Tunisia extends state of emergency by three months

A policemen looks through a binocular during a military operation to eliminate militants in a village some 50 km (31 miles) from the town of Ben Guerdane, Tunisia, near the Libyan border, March 10, 2016.


Tunisia on Tuesday extended by three months a state of emergency imposed after a November suicide bombing claimed by ISIS killed 12 presidential guards.

President Beji Caid Essebsi “has decided after consultations… to extend the state of emergency for a period of three months from March 23,” his office said in a statement that came two weeks after another attack blamed on jihadists near the border with Libya.

This month’s attack on police and army posts in the town of Ben Guerdane left seven civilians and 13 security personnel dead. Forty-nine militants have been killed by security forces in clashes immediately following the attacks and in subsequent raids.

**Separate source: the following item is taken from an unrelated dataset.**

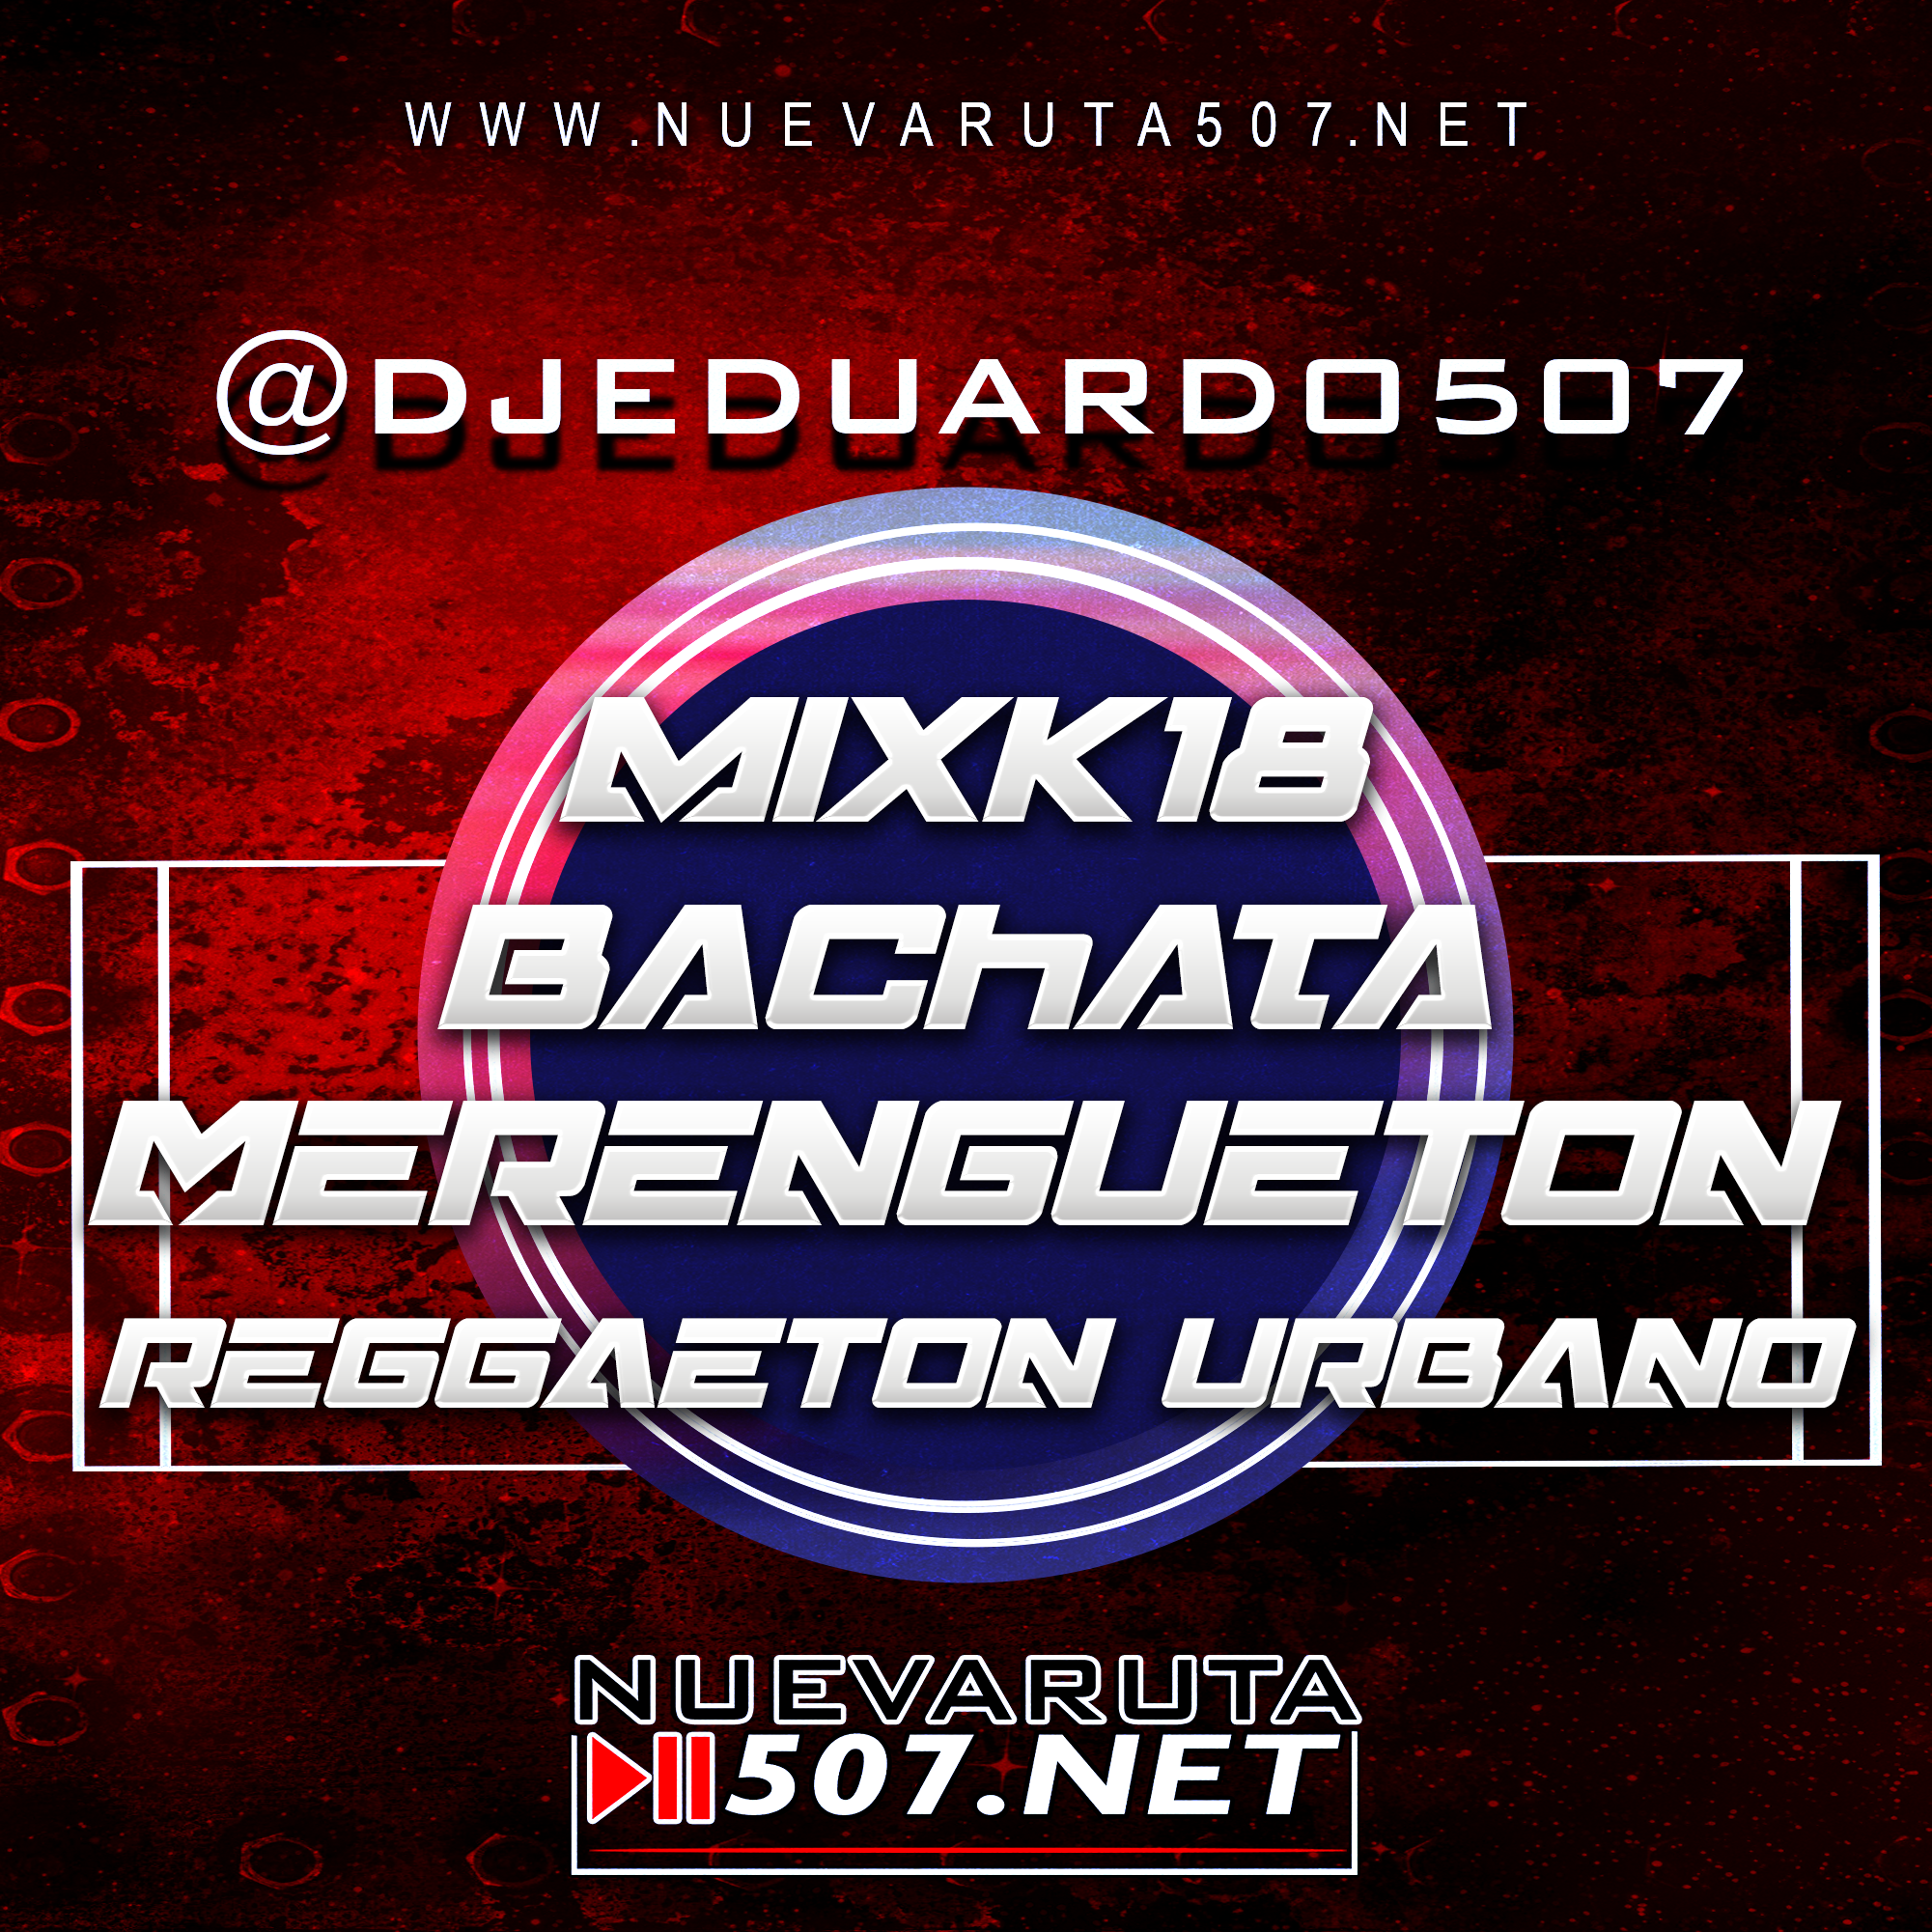 Dj Eduardo507 - Bachata Mixxx.mp3

The North African country has suffered from a wave of militant attacks in recent years, as it has struggled to curb a rise in extremism since the 2011 revolution that ousted longtime dictator Zine El Abidine Ben Ali.

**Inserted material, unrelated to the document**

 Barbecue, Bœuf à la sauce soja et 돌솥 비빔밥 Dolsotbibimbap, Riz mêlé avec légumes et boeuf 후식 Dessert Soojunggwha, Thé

Last year ISIS claimed responsibility for attacks on the Bardo museum in Tunis and a popular resort hotel that killed 59 tourists in total, as well as the suicide bombing that killed the presidential guards.

The state of emergency has been repeatedly extended since November. The last extension, on February 22, was for a period of one month.

Tunisia was Tuesday hosting talks with other countries neighboring Libya on the threat posed by the growing IS presence in the lawless North African nation.